[Exercise goal]
Return the full listing unchanged, apart from leaving out its images.

[Exercise data]
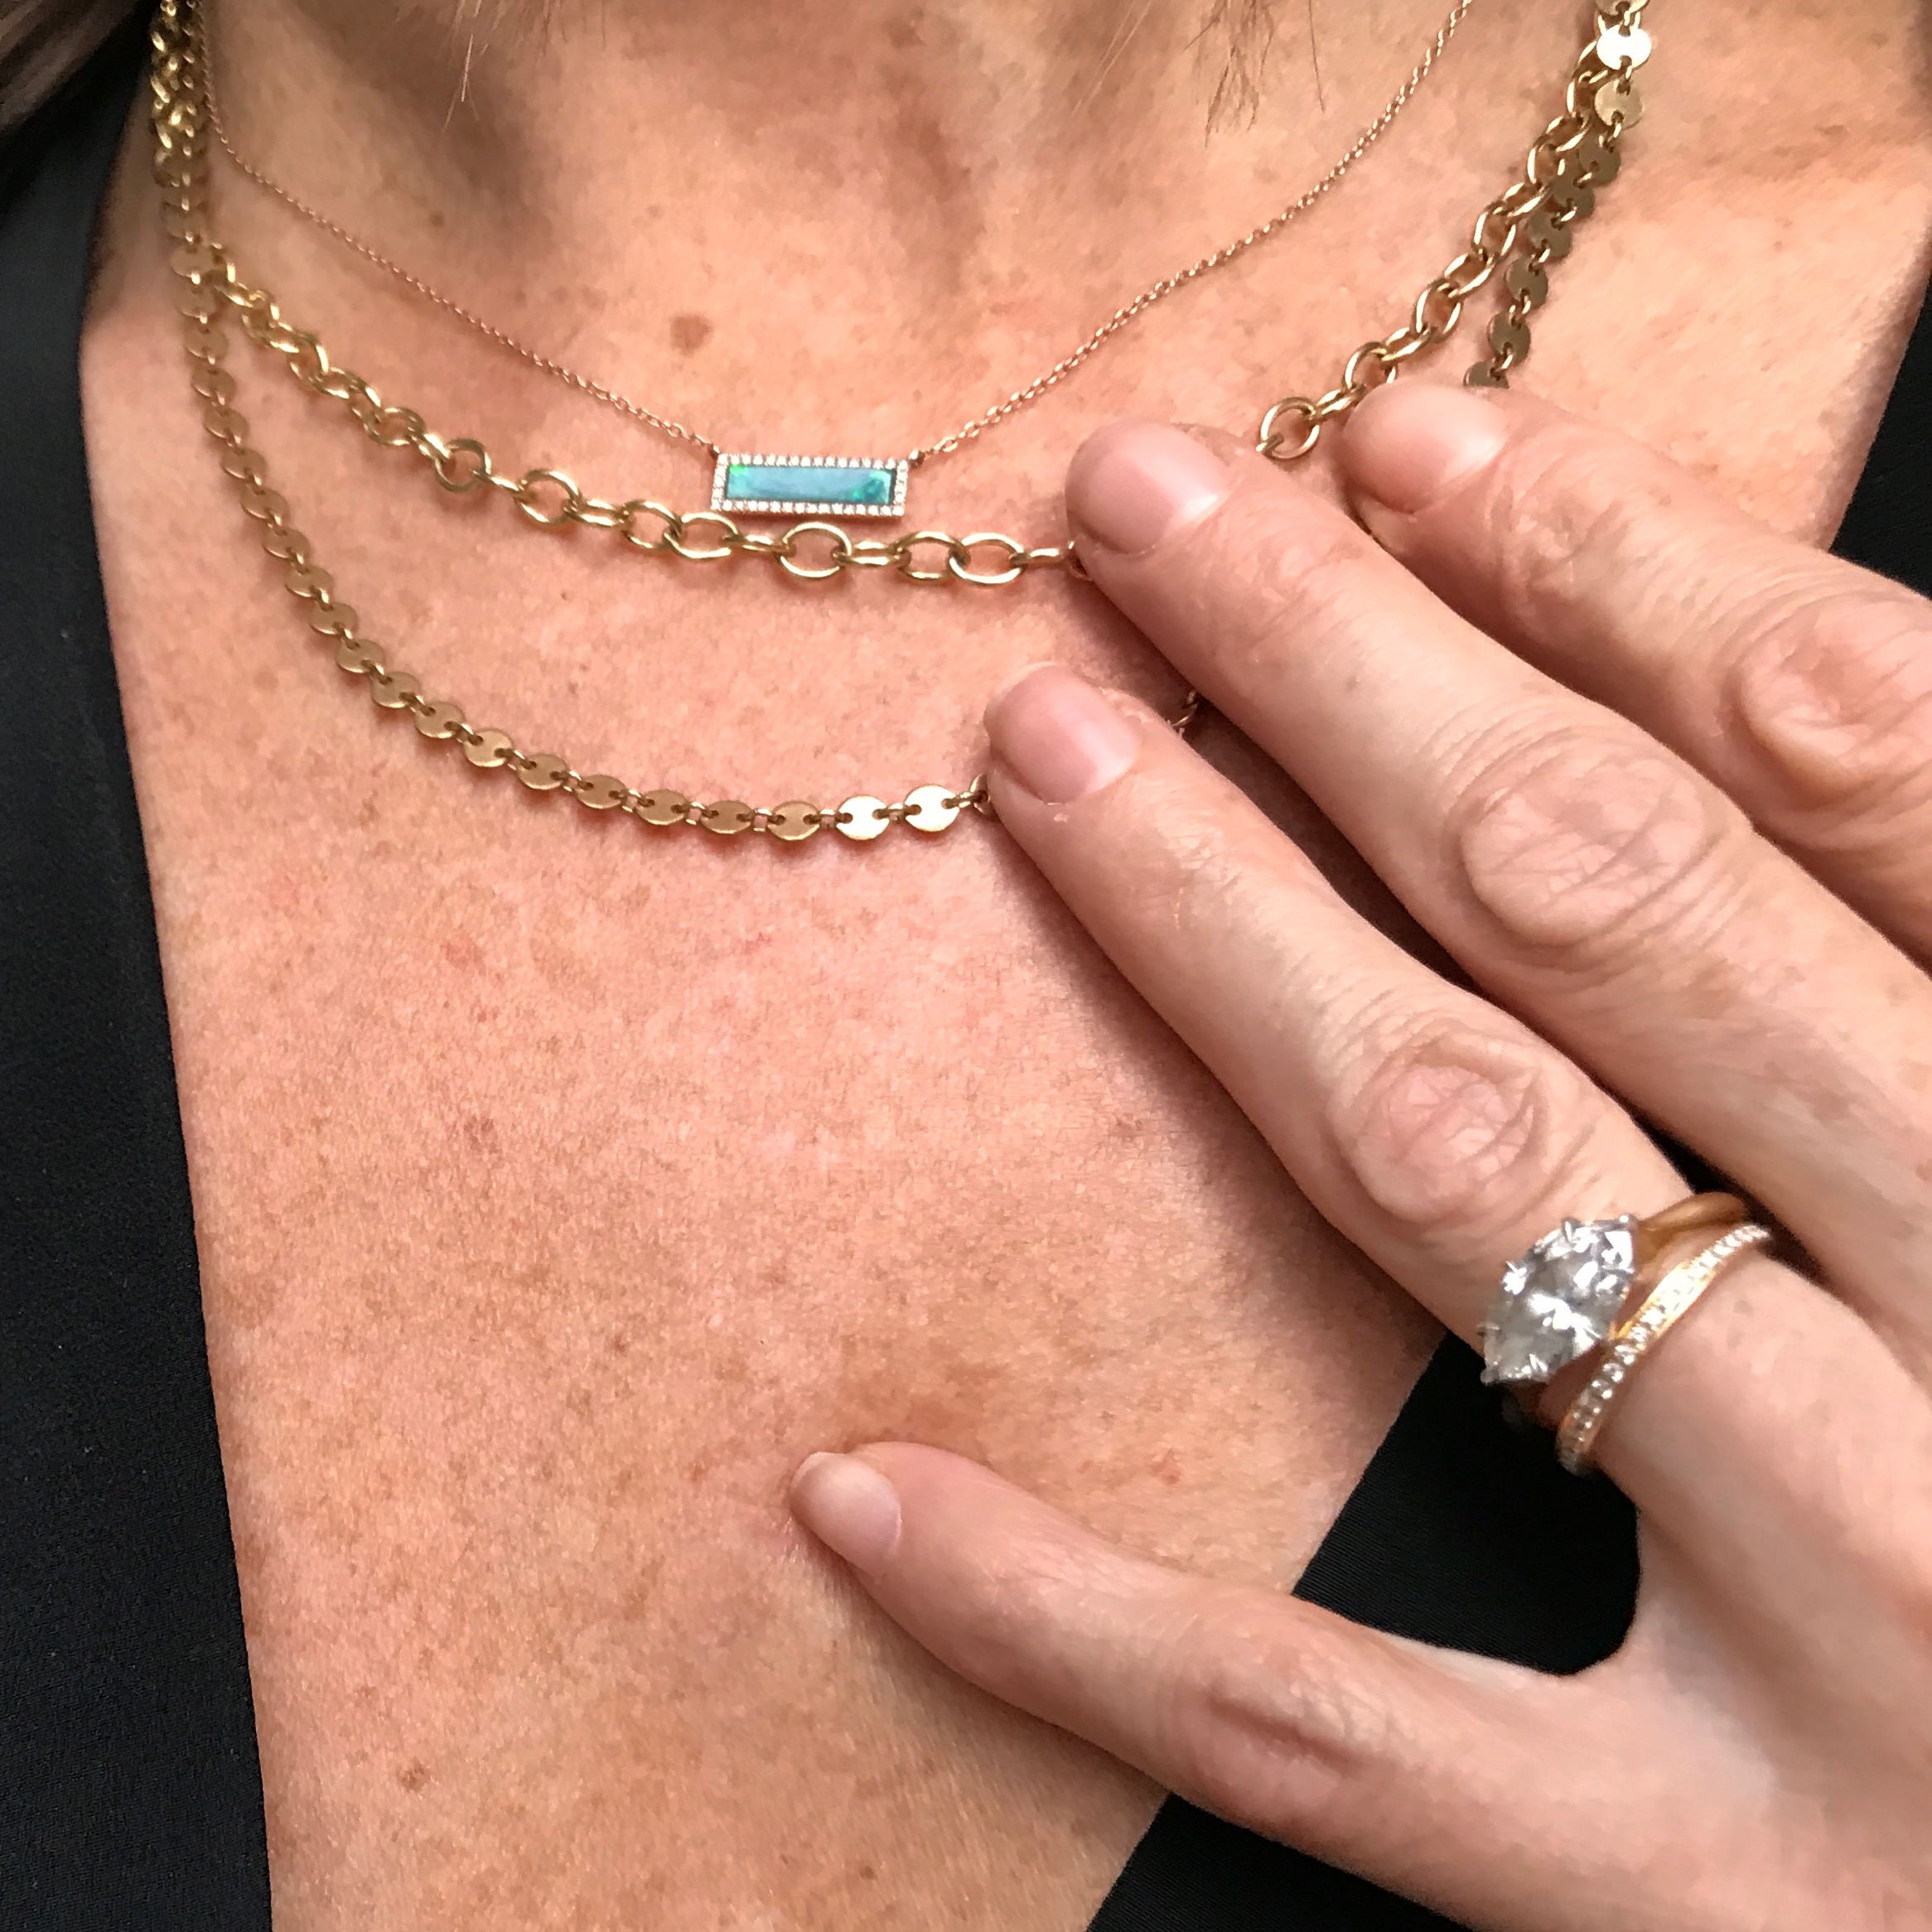 jewelry by Finn & Minor Obsessions
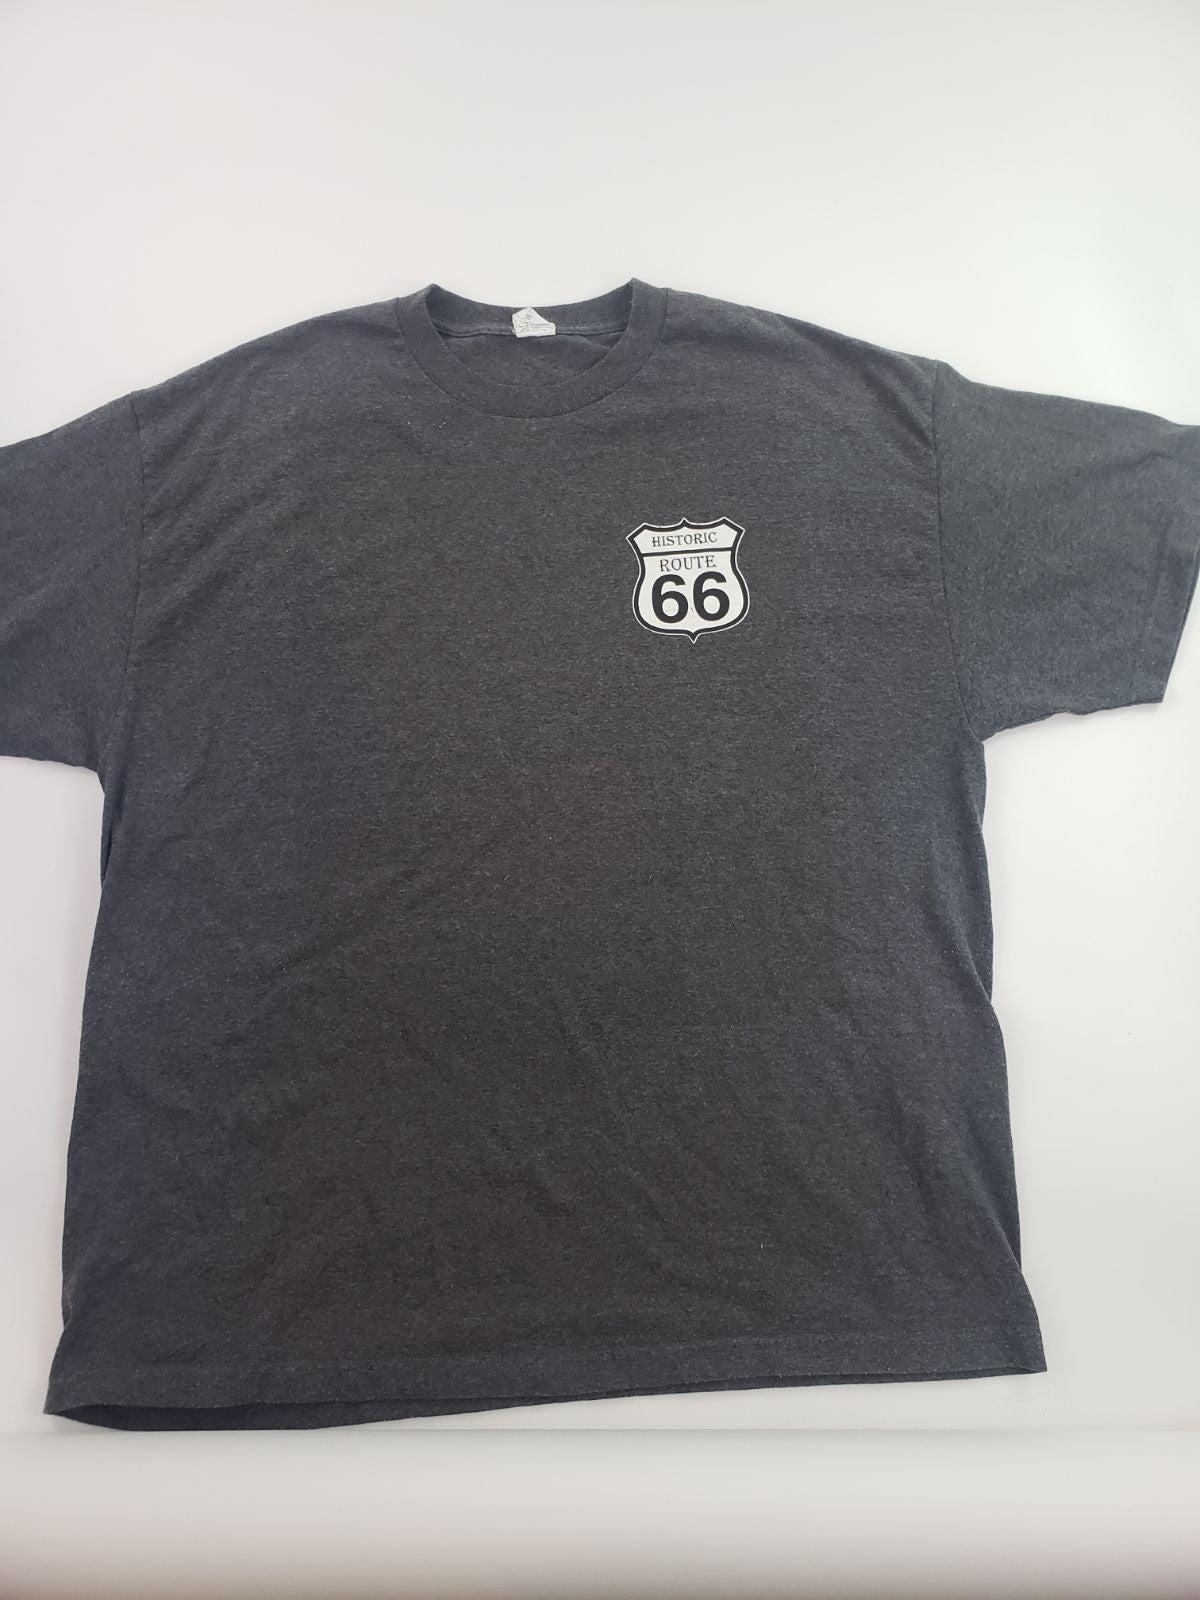 Route 66 Mens Grey Shirt 2XL
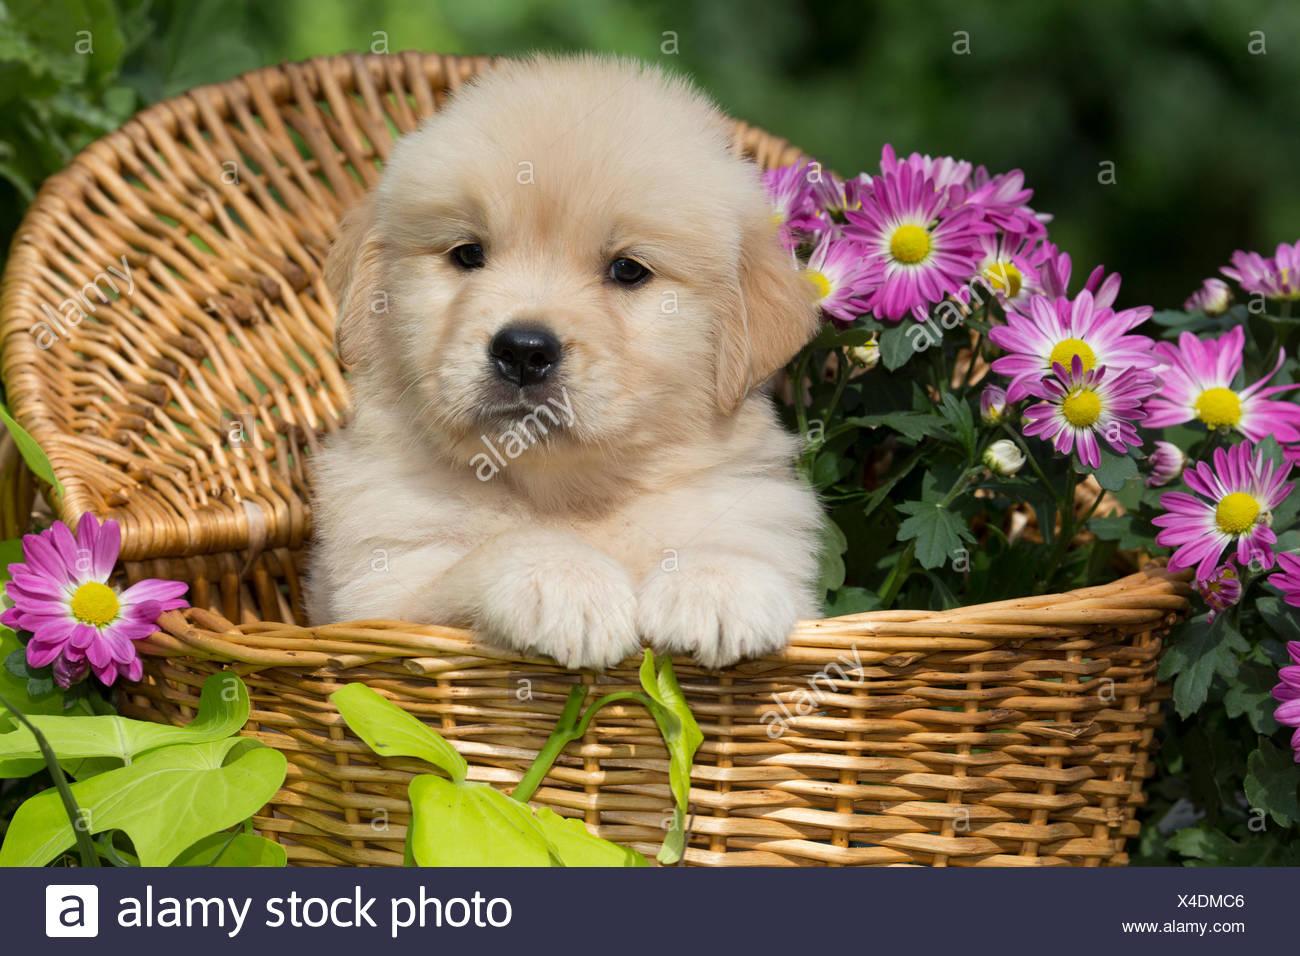 Golden Retriever Puppy In Wooden Basket With Purple Flowers Usa
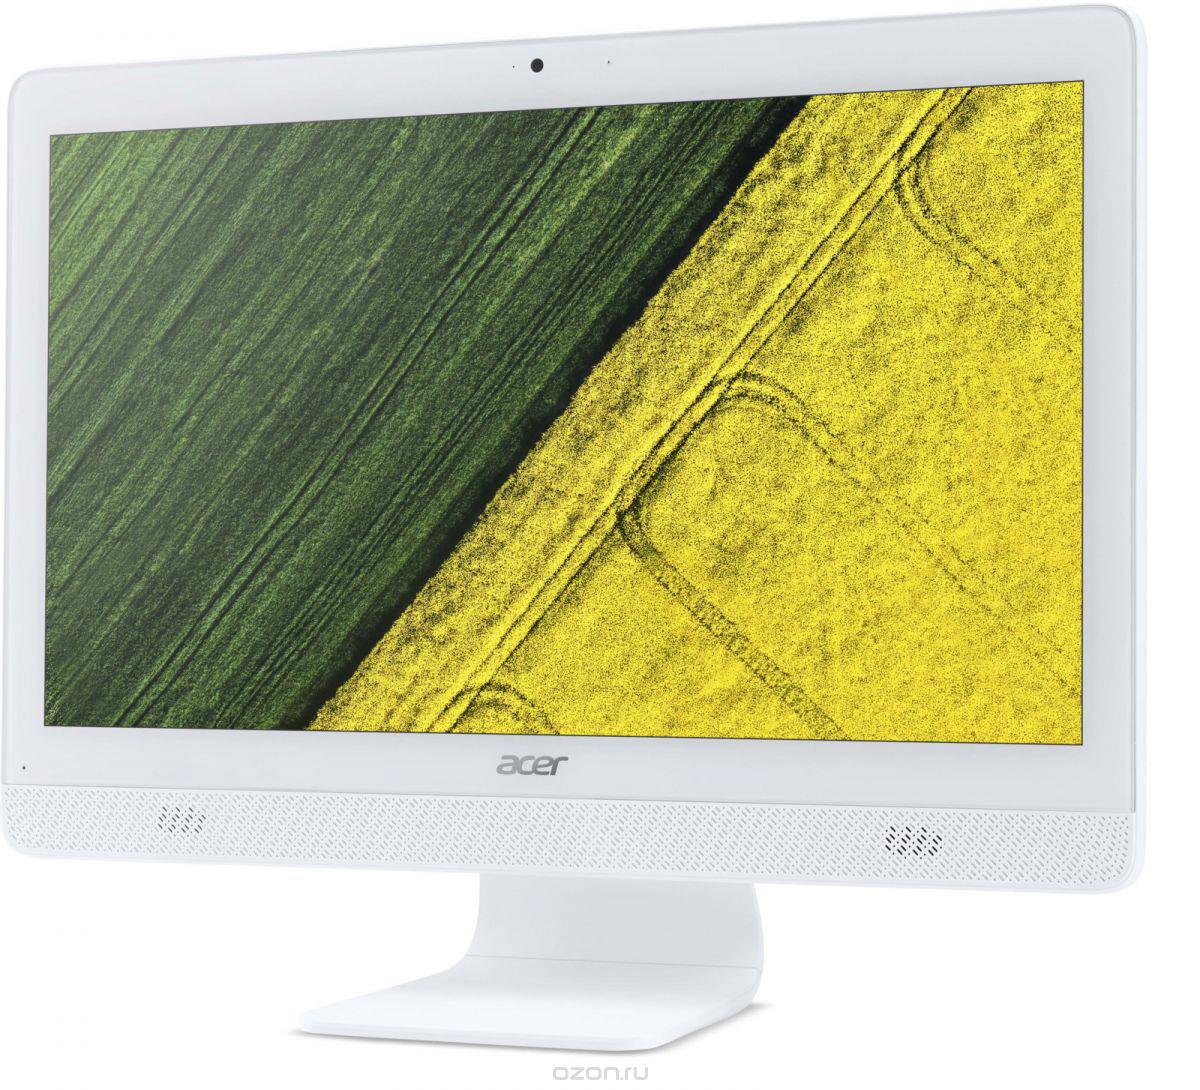 Моноблок Acer Aspire C20-820, DQ.BC6ER.003, 19.5, белый моноблок acer aspire c20 720 dq b6zer 009 белый

[Your solution]
 jewelry by Finn & Minor Obsessions
 Route 66 Mens Grey Shirt 2XL
 Golden Retriever Puppy In Wooden Basket With Purple Flowers Usa
 Моноблок Acer Aspire C20-820, DQ.BC6ER.003, 19.5, белый моноблок acer aspire c20 720 dq b6zer 009 белый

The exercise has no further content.